While the vicuna model is about 28G:

drwxrwxr-x 2 ubuntu ubuntu 4096 Jun 7 04:38 ./
drwxrwxr-x 22 ubuntu ubuntu 4096 Jun 11 10:43 ../
-rw-rw-r-- 1 ubuntu ubuntu 548 May 18 03:31 config.json
-rw-rw-r-- 1 ubuntu ubuntu 132 May 18 03:31 generation_config.json
-rw-rw-r-- 1 ubuntu ubuntu 9877989586 May 18 03:31 pytorch_model-00001-of-00003.bin
-rw-rw-r-- 1 ubuntu ubuntu 9894801014 May 18 03:31 pytorch_model-00002-of-00003.bin
-rw-rw-r-- 1 ubuntu ubuntu 7180990649 May 18 03:31 pytorch_model-00003-of-00003.bin
-rw-rw-r-- 1 ubuntu ubuntu 26788 May 18 03:31 pytorch_model.bin.index.json
-rw-rw-r-- 1 ubuntu ubuntu 435 May 18 03:31 special_tokens_map.json
-rw-rw-r-- 1 ubuntu ubuntu 499723 May 18 03:31 tokenizer.model
-rw-rw-r-- 1 ubuntu ubuntu 727 May 18 03:31 tokenizer_config.json
-rw-rw-r-- 1 ubuntu ubuntu 4830 May 18 03:31 trainer_state.json
-rw-rw-r-- 1 ubuntu ubuntu 3771 May 18 03:31 training_args.bin

Is my situation Correct or Not? Thanks.

Because yours is in float32. It's not a big problem, except it uses more disk space.
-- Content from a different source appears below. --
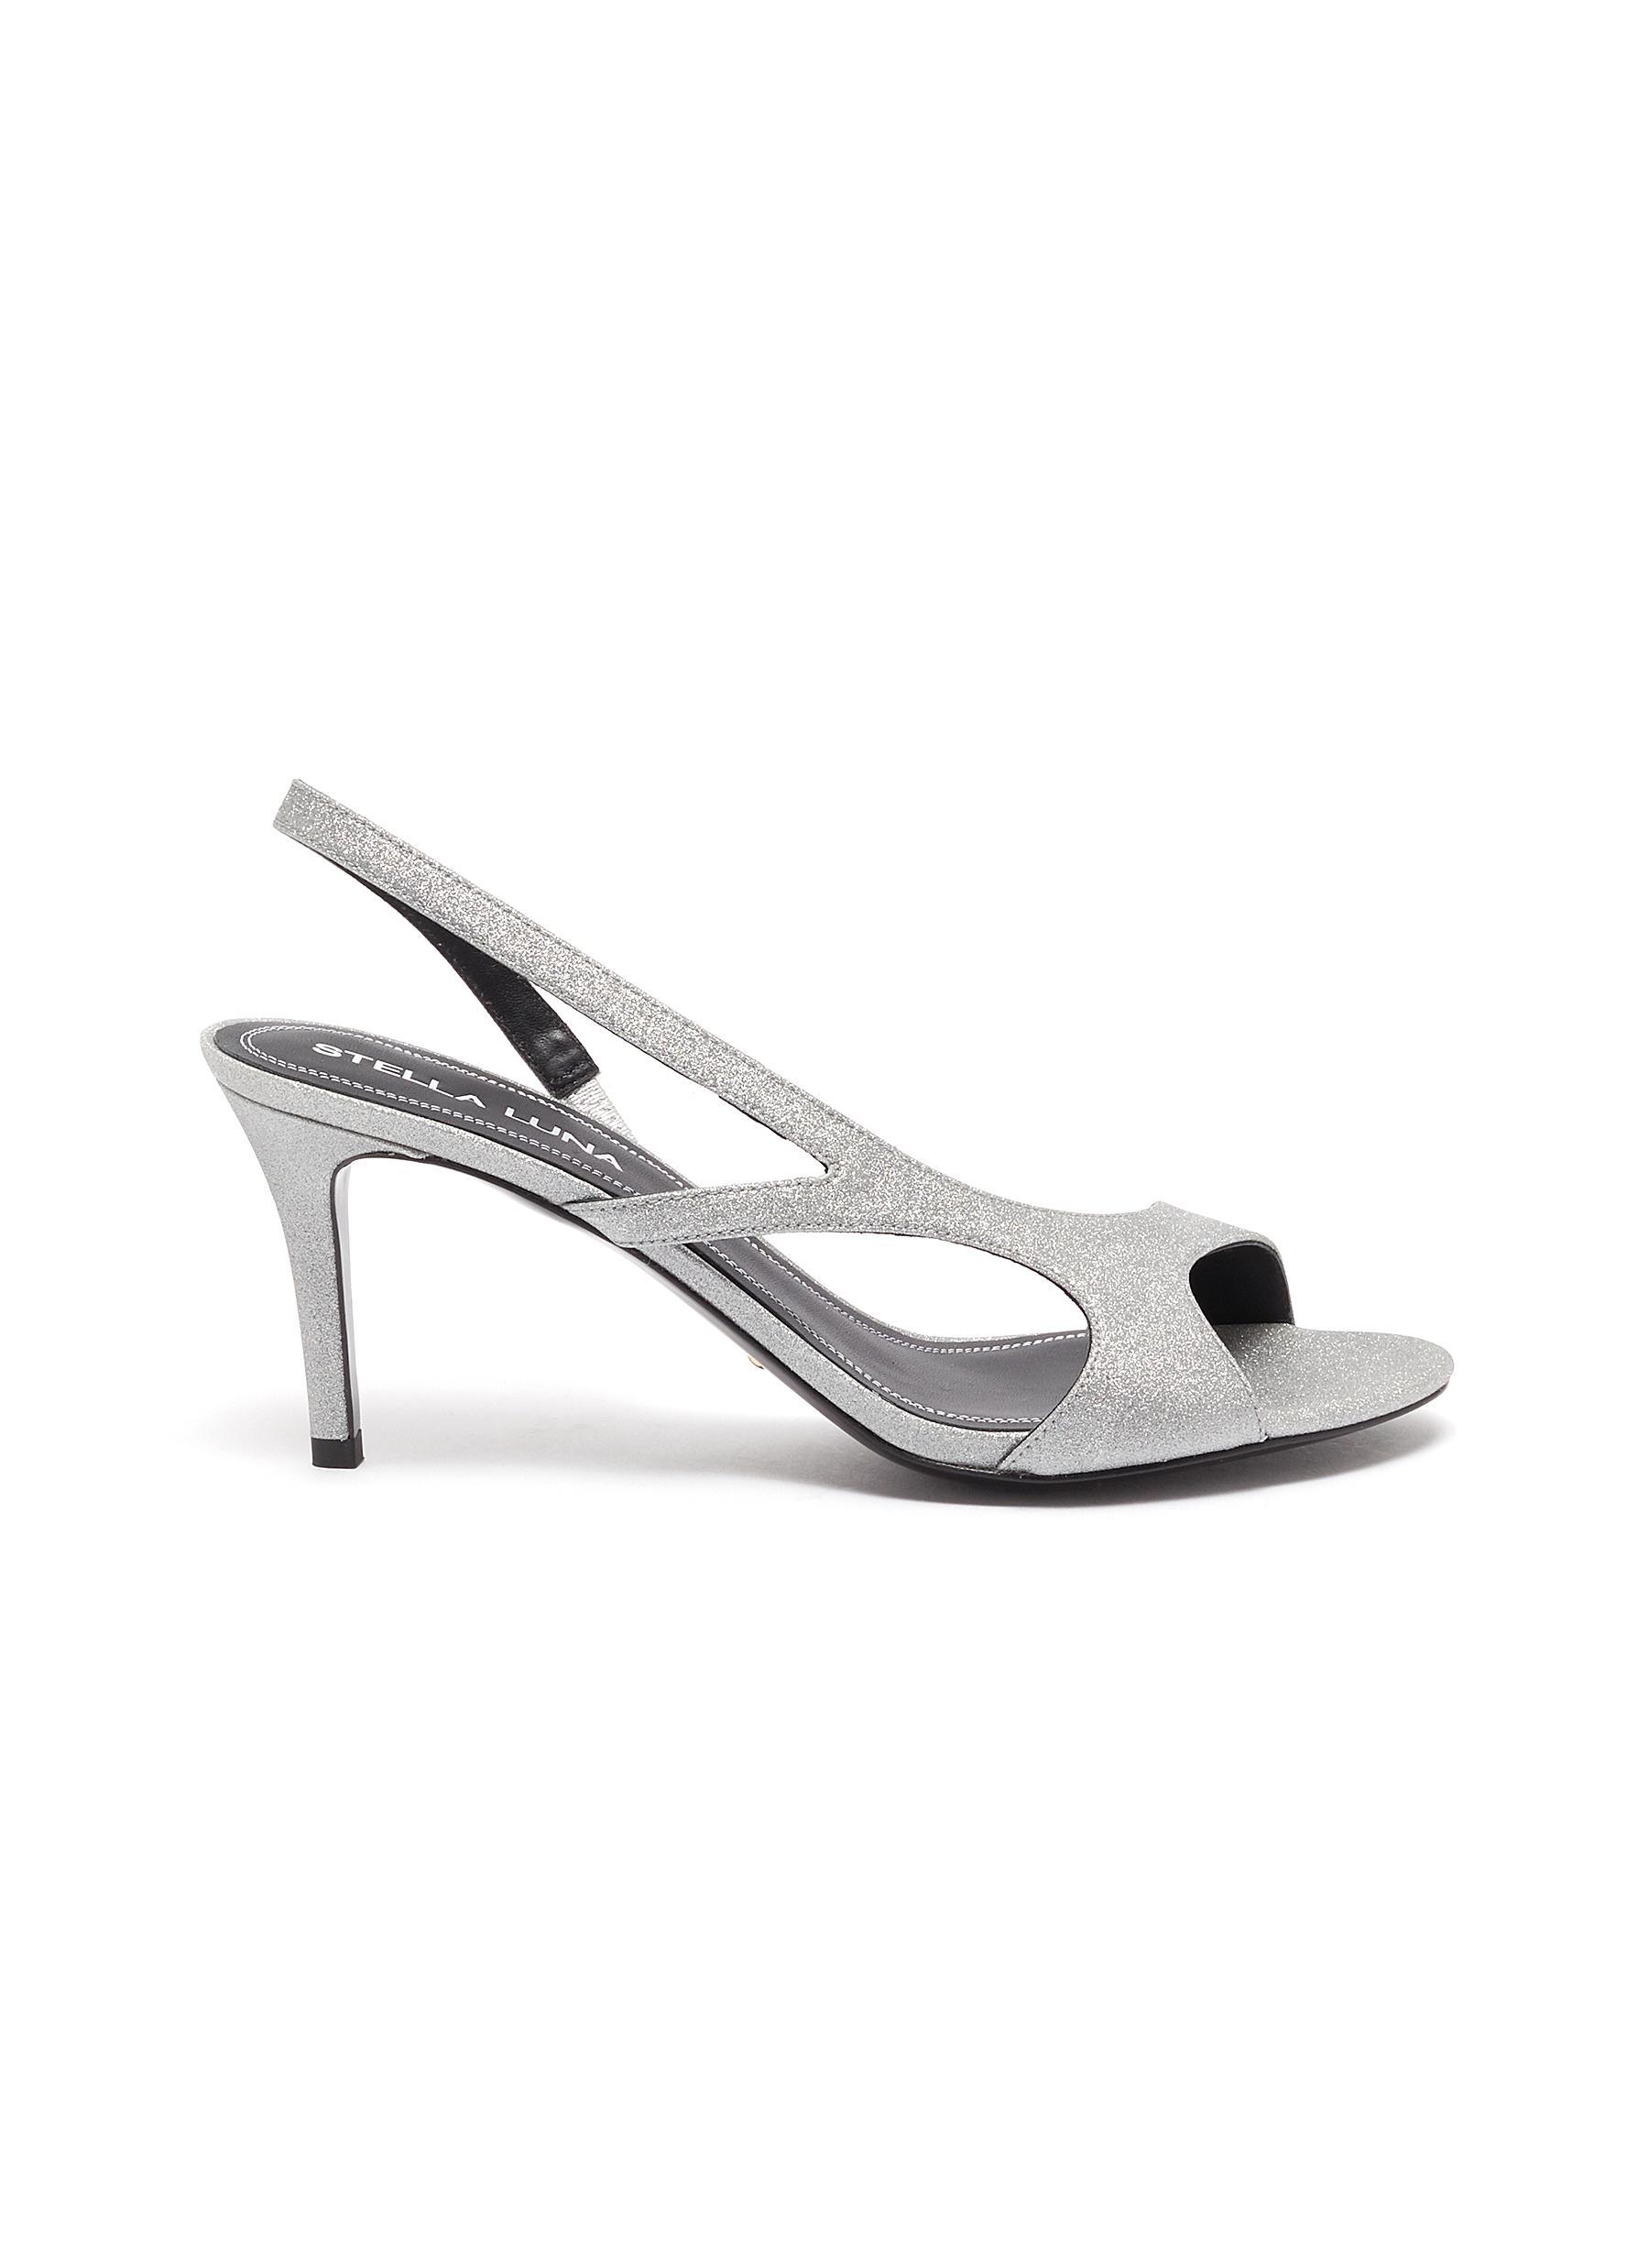 Stella Luna High Heels Asymmetric strap open toe leather sandals

If you want you can use this script to convert it to float16:

import torch
from transformers import AutoTokenizer, AutoModelForCausalLM
import argparse

parser = argparse.ArgumentParser(description='Convert fp32 model to fp16')
parser.add_argument('model_dir', type=str, help='fp32 model folder')
parser.add_argument('output_dir', type=str, help='fp16 output folder')
parser.add_argument('--device', type=str, default="cuda:0", help='device')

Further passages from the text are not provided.